История стала известна всей школе; вот тогда-то объявился пьяный отчим одной из пацанок, оказавшейся, кстати, в свои одиннадцать лет не цепкой, и в порыве «благородного отеческого негодования», а на самом деле — из ревности, избил Кротова так, что переломанный нос заживал потом полгода…
Девчонок перевели в другие школы; сам Кротов, закончив восьмой с грехом пополам, ушел в ПТУ, а через год — подсел, и надолго: стопарил в запущенном скверике близ железной дороги девок-пэтэушниц из соседнего швейного, угрожая перочинным ножом, отбирал побрякушки — редко у кого золотые — и насиловал…
Кому рассказать — и грабил-то он только для того, чтобы больше завести себя, потому как иначе общаться с девками ему было пресно и скучно.

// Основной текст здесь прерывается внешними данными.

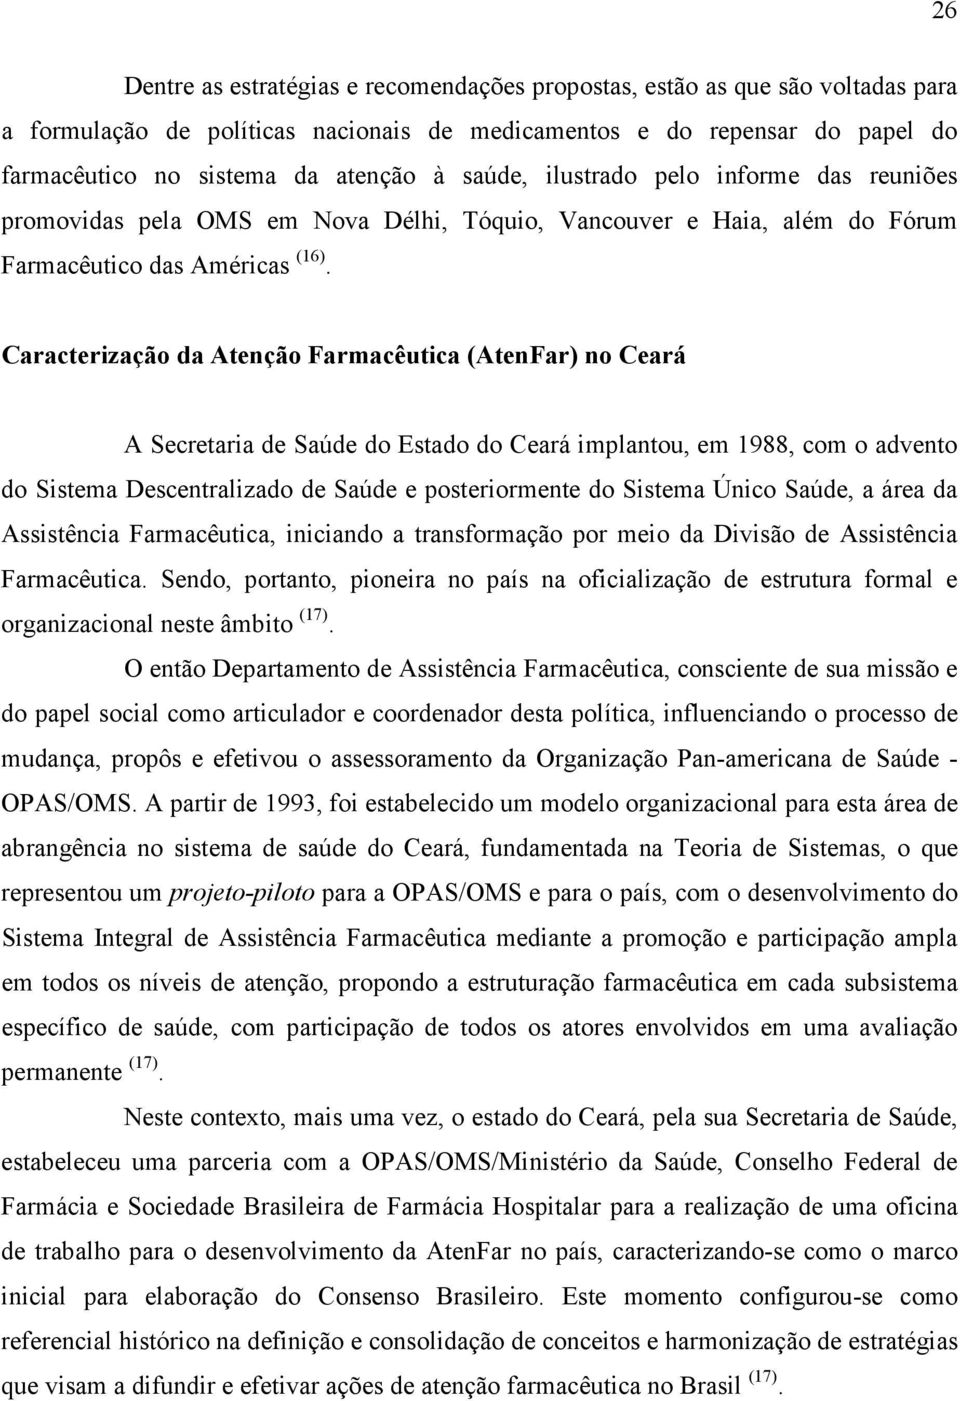 Caracterização da Atenção Farmacêutica (AtenFar) no Ceará A Secretaria de Saúde do Estado do Ceará implantou, em 1988, com o advento do Sistema Descentralizado de Saúde e posteriormente do Sistema

Словили его быстро. И пошел бы Крот на семерик по авторитетной статье «разбой», да довесок из сто семнадцатой подкосил всю будущую карьеру: с его здоровьем и энергией он на любой из зон выбился бы «в люди», если бы не проклятый «прицепчик»… Вот и приходится теперь упираться рогом, вместо того чтобы быть в заслуженном авторитете! Ничего… Сейчас он расслабится, а потом решит с Шерифом.
Дверь приоткрылась, Кадет втолкнул девчонку в комнату и исчез. Он знал причуды Крота.
Девчушка стояла потерянно, сжавшись в комочек. После света коридора приглушенный свет в комнате казался ей мраком; она слышала, как парни жестоко насиловали незадачливых товарок, и ожидала, похоже, чего-то худшего: зачем тогда ее не вывели вместе со всеми, а оставили, что называется, на закуску?
— Выйди в центр комнаты, — тихо, хриплым шепотом, приказал Кротов. Он знал — она услышит. Не может не услышать.
Девушка вздрогнула, заметила в кресле обнаженного мужчину, прошла в комнату и застыла на ковре, прямо в центре затейливого узора.
Она была в коротком летнем платьице, сверху — черный пиджак, на ногах — гольфы.
— Сними трусы, — велел мужчина.
Девушка и не думала кричать или противиться: сейчас она была похожа на кролика перед удавом. Автоматически запустила руки под платье и стянула белые трусики до колен.
Кротов удовлетворенно облизал губы. Эти его бойцы — тупы, как инфузории.
Они не умеют получать удовольствие от секса — только трахать. А настоящее удовольствие состоит в том, чтобы превратить ее стыдливость, ее страх, ее трепет в возбуждение, в желание, ярче которого нет…
Он поднял с пола загодя приготовленный стек: кожаный, гибкий, с мягкой, конского волоса, кисточкой на конце и тяжелой круглой рукоятью. Приказал:
— Сними совсем и подними подол.
Кротов встал с кресла; полотенце, прикрывавшее ему низ живота, упало; он шел к девушке, голый, громадный, поигрывая стеком. Она тем временем вышагнула из трусиков, разогнулась и — замерла в испуге и удивлении: до этого она видела лишь его силуэт и не подозревала, что мужчина совершенно голый. И сейчас не отводила взгляда от его набухшего естества.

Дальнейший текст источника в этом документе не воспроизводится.